I figure I am now far enough beyond the best part being long gone to want to know the name of the tune that goes with this video (rather than only take it for granted). But as far as I have mostly gotten lately is stacks of strings of memory cells could have made a kid seem cool enough to find a girl while the above statement was far enough in the future not to worry about much. Another topic to consider is how this thing that seems to skip a beat can count and can be used to switch which of two memory cells is connected to the input of what its now part of and which output the (memory cells) are connected to as well as erasing one on time to use it to memorize what's at the input next. And how that memorizing , switching , erasing concept has other uses as well . Other than that these videos with their elevating etc. images set to that kind of music and the way the narrator speaks are really pieces of work to be admired.
Are you a telecommunication engineer or have any relation whith it? All the stuff in this channel (Calculus, Algebra, Physics, Electric Circuits , Electromagnetism, Fourier Analysis... etc) is completly related whith this carreer (which im studing). Im just curious to know :P I love your videos by the way! you do such a great work and it helps me a lot whith my studies. Keep it up!

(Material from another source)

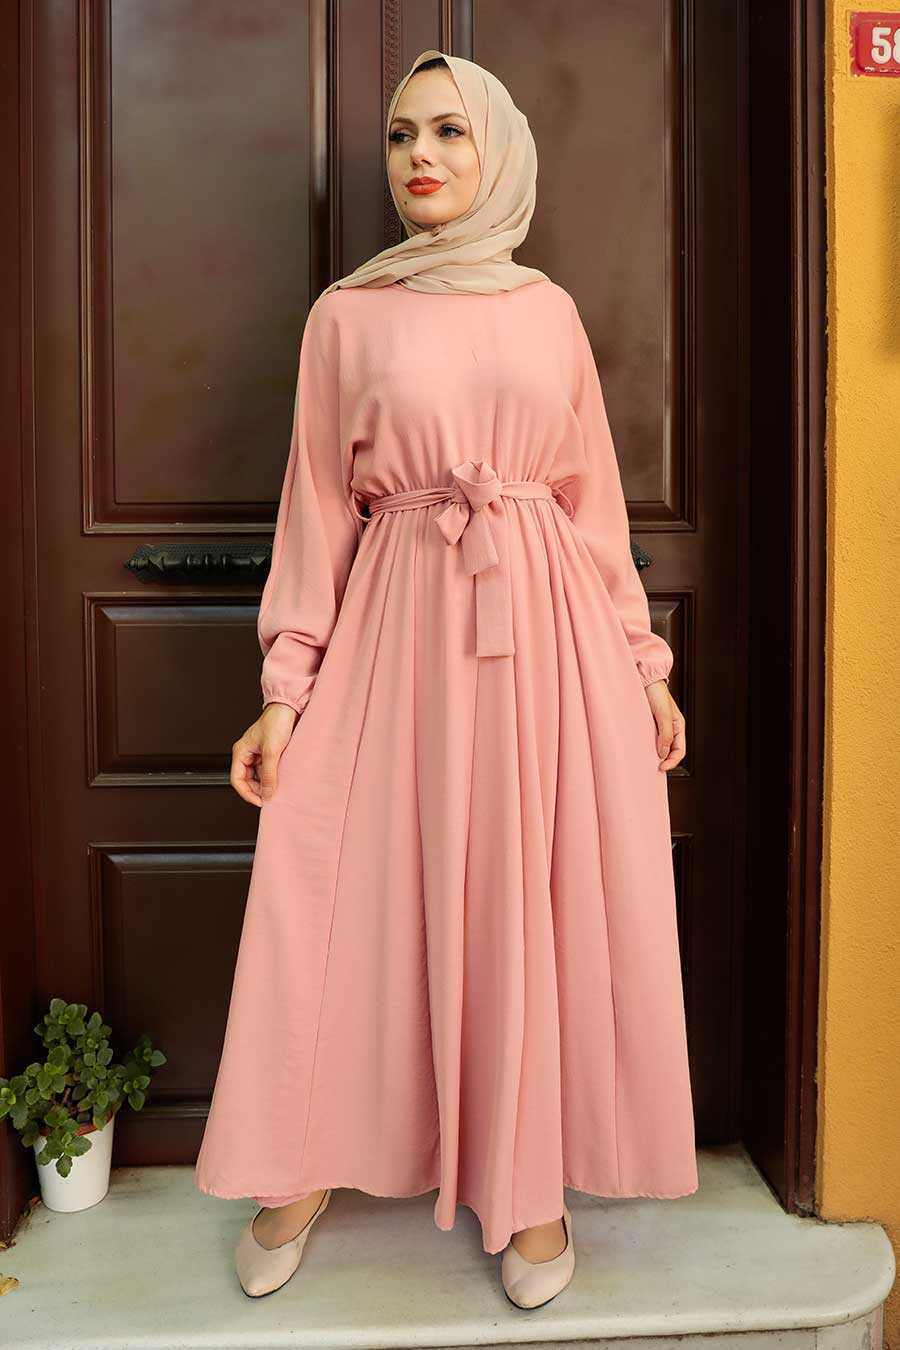 Salmon Pink Hijab Dress 76150SMN

Well, the "heavy object on a rubber sheet" analogy is okay as far as it goes. It allows us to visualize *_one_* tiny slice of how gravity is affecting space around the object. The problem is, that all of the space around the object _cannot_ be visualized. Never mind.
If we have a system where d/dt (x,y) = (y,0) is that unstable because any point (a,0) is an equilibrium: however if we start at (a,epsilon), then we will move infinitely far away from (a,0)
thank you very much about these videos really you helped me understand physics i v watched probably all of them and honestly you are the best but i have a question what are your next topics and when?